In general it is difficult to answer someone who piles up argument on argument as if in an attempt to leave no chance to answer. I had to separte your argumentation is its parts.
Now to your argument.
>..So here is the argument again.. Whereas Einstein’s special theory of relativity is an integral part of modern physics, Freud’s theories are widely held in disrepute>
What makes you so sure. Do you have statistics ?. Is it your “feeling” and “impression” ?
You may very well read only antifreudian literature and get a sort of cognitive illusion that everybody agrees with you.
Last time when I checked MedLine I got over 2000 citations for psychoanalysis in the last 10 years. http://www.ncbi.nlm.nih.gov/sites/entrez
And this is the clinical stuff and leaves out anthropology, sociology, history. etc. (and literature, your half-point conceded)
Anna wrote — Last time when I checked MedLine I got over 2000 citations for psychoanalysis in the last 10 years. http://www.ncbi.nlm.nih.gov/sites/entrez—
Firstly, 2000 citations in 10 years from a database that contains hundreds of thousands of indexed articles, is actually not very much.

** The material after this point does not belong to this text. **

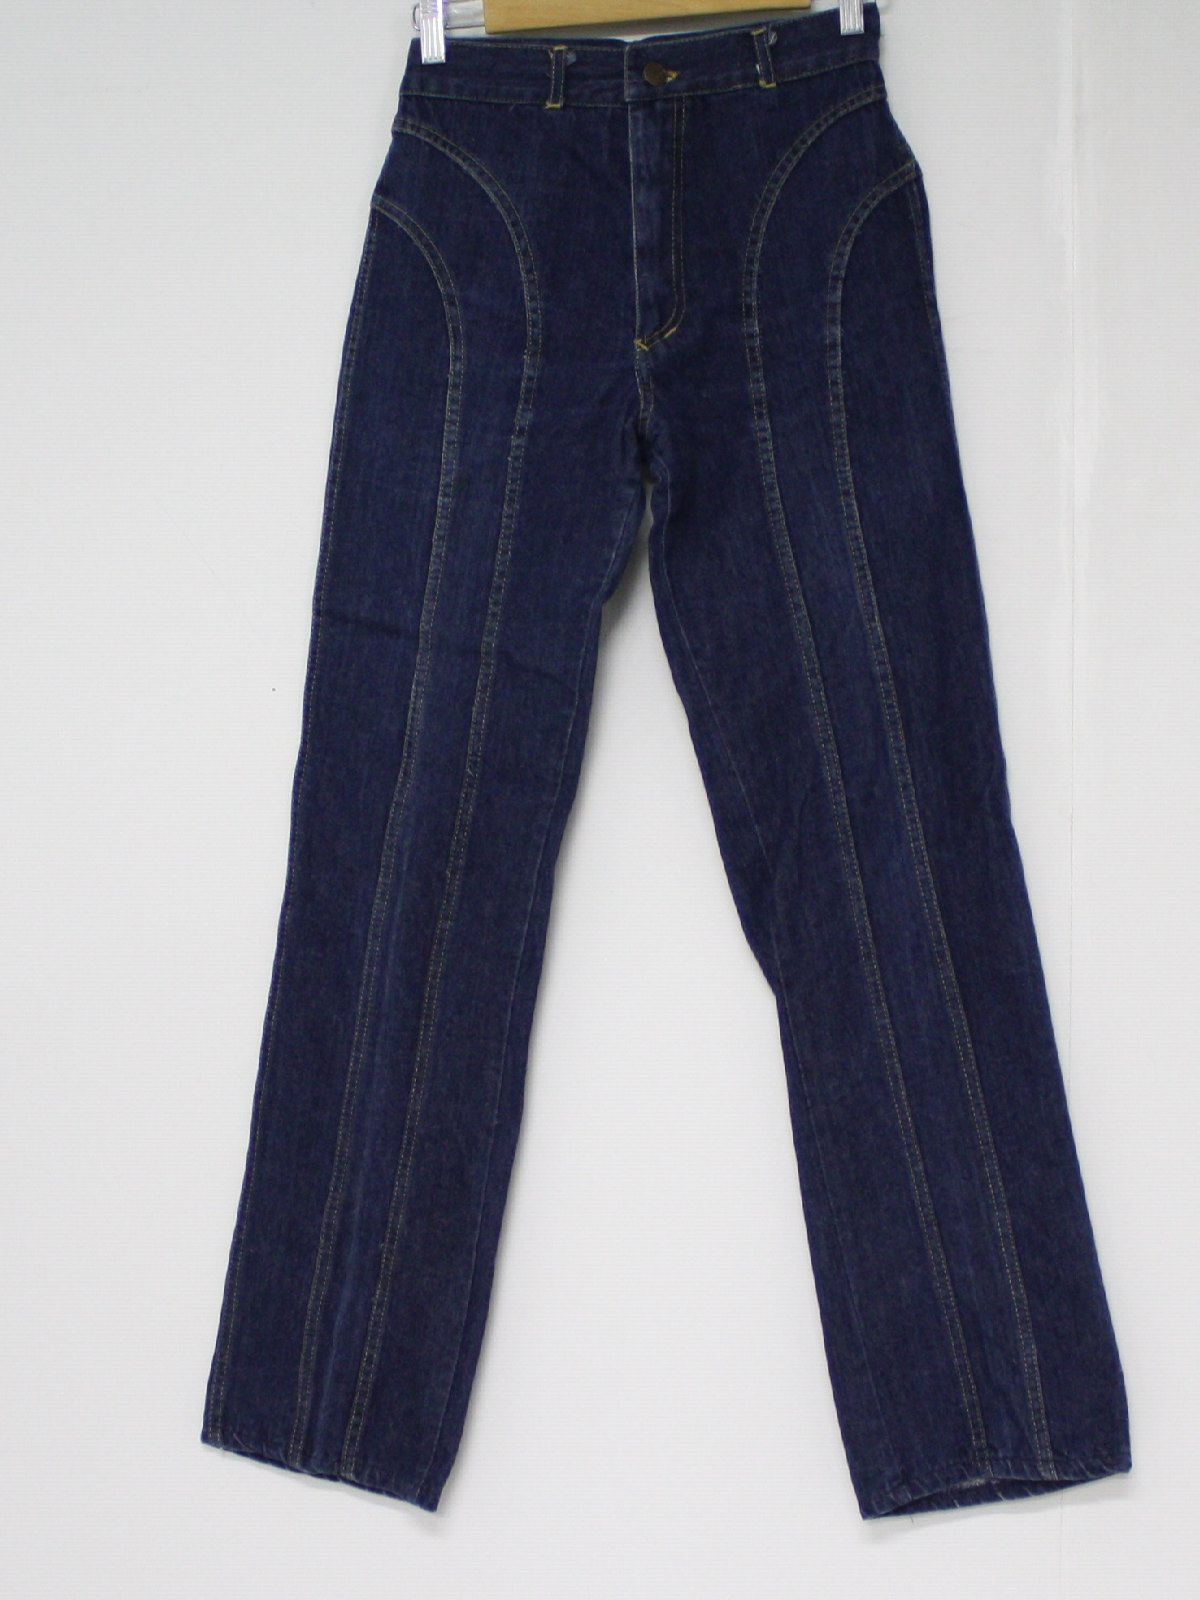 Fredericks of Hollywood Eighties Vintage Pants: 80s -Fredericks of Hollywood-  Womens dark blue cotton denim with dark gold topstitching, totally 80s  straight leg designer jeans pants with double back pointed yoke and

Secondly, (assuming your simply searched the term ‘psychoanalysis’ without any further qualifiers) you will need to eliminate from you list of 2000 citations, all those items that are contained in ‘partisan’ journals, such as for example the International Journal of Psychoanalysis, (doh! of course it contains hundreds of citation on psychoanalysis). Quite why a medical/scientific database such as Medline should index psychoanalytic journals is beyond me. It may have something to do with the advanced persuasive power of many pseudoscience practitioners and charlatans (which no doubt psychoanalysts are). It is useful to remember that in the UK we have NHS funded homeopathic hospitals. That doesn’t make homeopathy worthy of clinical, scientific and professional respect.
Thirdly, once you have eliminated your ‘partisan’ items from your list of 2000, you still need to consider how many of the remaining articles published in non-psychoanalytic journals actually give any credit to the discipline and how many of them are a refutation of it.
Then you may have a slightly clearer picture of how much respect psychoanalysis enjoys in the medical/scientific community (which is very little, I can tell you now!)
Anne:
I’m not sure there’s much point in continuing the discussion, since you insist on reading into my responses things that are not there.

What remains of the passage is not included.